Laughing as a sequential decision making problem
When designing a laughing virtual agent, there is the need to detect the context (multimodal analysis) and to synthesize laugh. Between these two modules, there is a decision problem handled by a laugh manager: should the agent laugh, and what type of laughter? Moreover, what the agent does has an effect on the human interacting with it, modifying the context and calling for a new reaction of the agent. In other words, this decision problem takes place in a perception/action loop. Therefore, laughing can be framed as a sequential decision making problem.
A standard machine learning approach for such a problem is reinforcement learning. In this paradigm, an agent learns to behave optimally with its environment by interacting with it. At each time step, given the current context, it chooses and action and apply it, resulting in a new context. The agent receives a reward for this transition, quantifying the local quality of the control. The ultimate goal of the agent is to maximize the cumulative reward over the long term (not just the next reward). If designing a reward is easy for some tasks (for example, if the agent learns to play a game, the reward could be +1 for winning, -1 for loosing and 0 else), it is a very hard problem for the task of laughing (which is anyway quite subjective). Even a human cannot explicit the cumulative reward he is optimizing when laughing.
Yet, it is easy to record an expert behavior: it suffices to collect data of a human (replacing the virtual agent) interacting with other humans (playing their own role). Then, a natural approach is to use supervised learning (and more precisely classification) to generalize the mapping between contexts and actions recorded with the human. However, this does not take into account the sequential nature of the problem.

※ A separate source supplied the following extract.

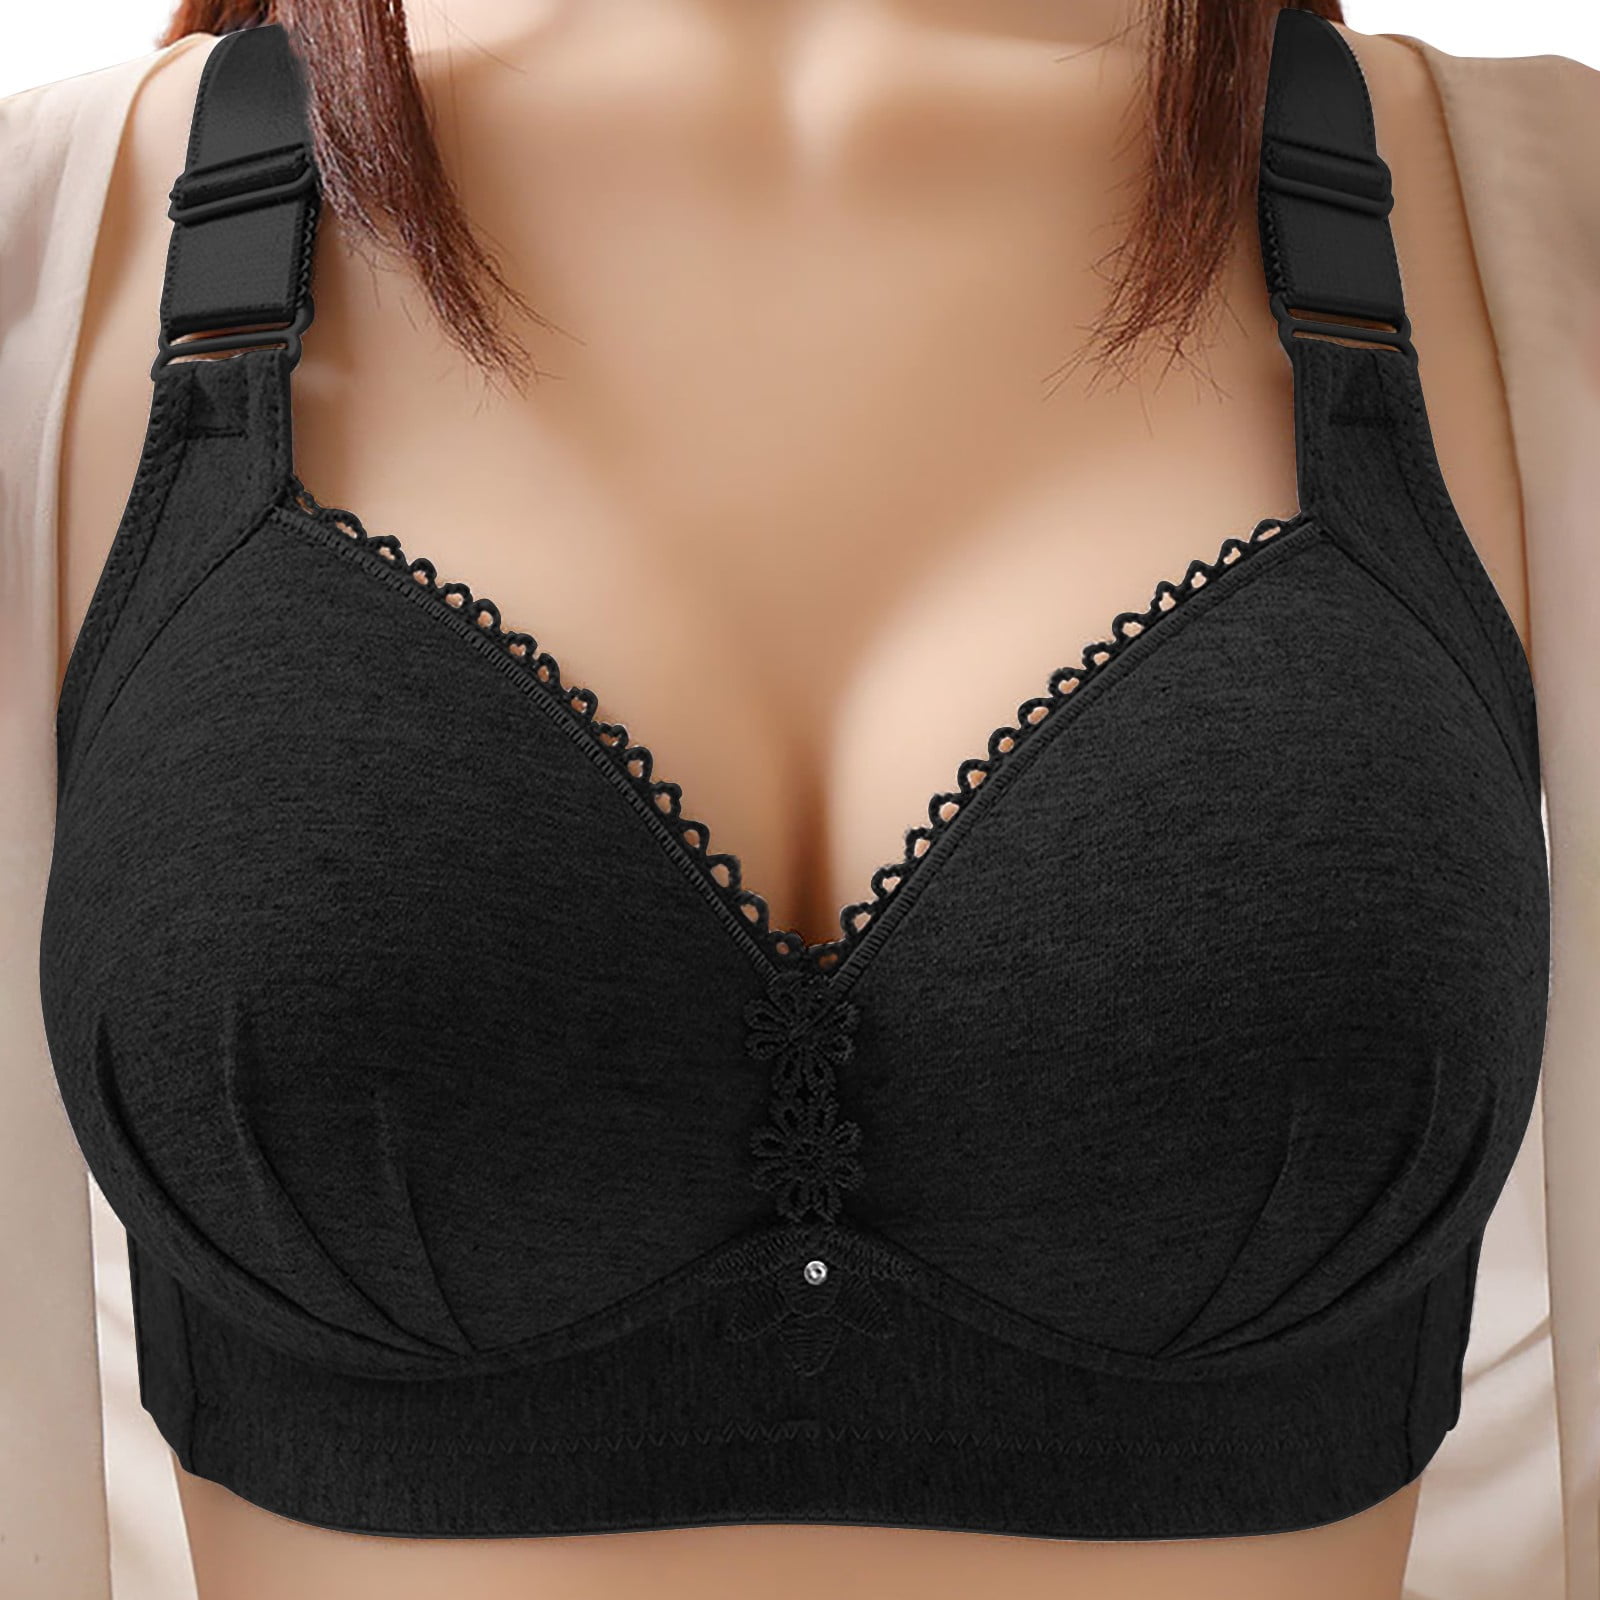 Womens Adjustable Lace Back Button Shoulder Strap Large Size Athletic Bras  For Older Women With Sexy Shaping Cup, No Underwire Padding From Shulasi,  $11.44

To handle this issue, a principled approach is inverse reinforcement learning. Provided some examples of an expert behavior (the human laughing), the aim is to estimate the reward which is optimized. This allows imitating the human, by optimizing the learnt reward, but this could also provide some information on the laugh principle, by semantically analyzing the learnt reward. However, inverse reinforcement learning is a very hard problem (for diverse reasons), much less studied than supervised. A contribution of the Ilhaire project has been to draw connections between supervised learning and inverse reinforcement learning, leading to new algorithms advancing the state of the art and motivated by the laughing problem [1-4].
 E. Klein, M. Geist, B. Piot and O. Pietquin. “Inverse Reinforcement Learning through Structured Classification”. In Advances in Neural Information Processing Systems (NIPS), 2012.
 E. Klein, B. Piot, M. Geist and O. Pietquin. “A cascaded supervised learning approach to inverse reinforcement learning”. In European Conference on Machine Learning (ECML), 2013.
 B. Piot, M. Geist and O. Pietquin. “Learning from demonstrations: Is it worth estimating a reward function?”. In European Conference on Machine Learning (ECML), 2013.
 B. Piot, M. Geist and O. Pietquin. “Boosted and Reward-regularized Classification for Apprenticeship Learning”. In International Conference on Autonomous Agents and Multiagent Systems (AAMAS), 2013.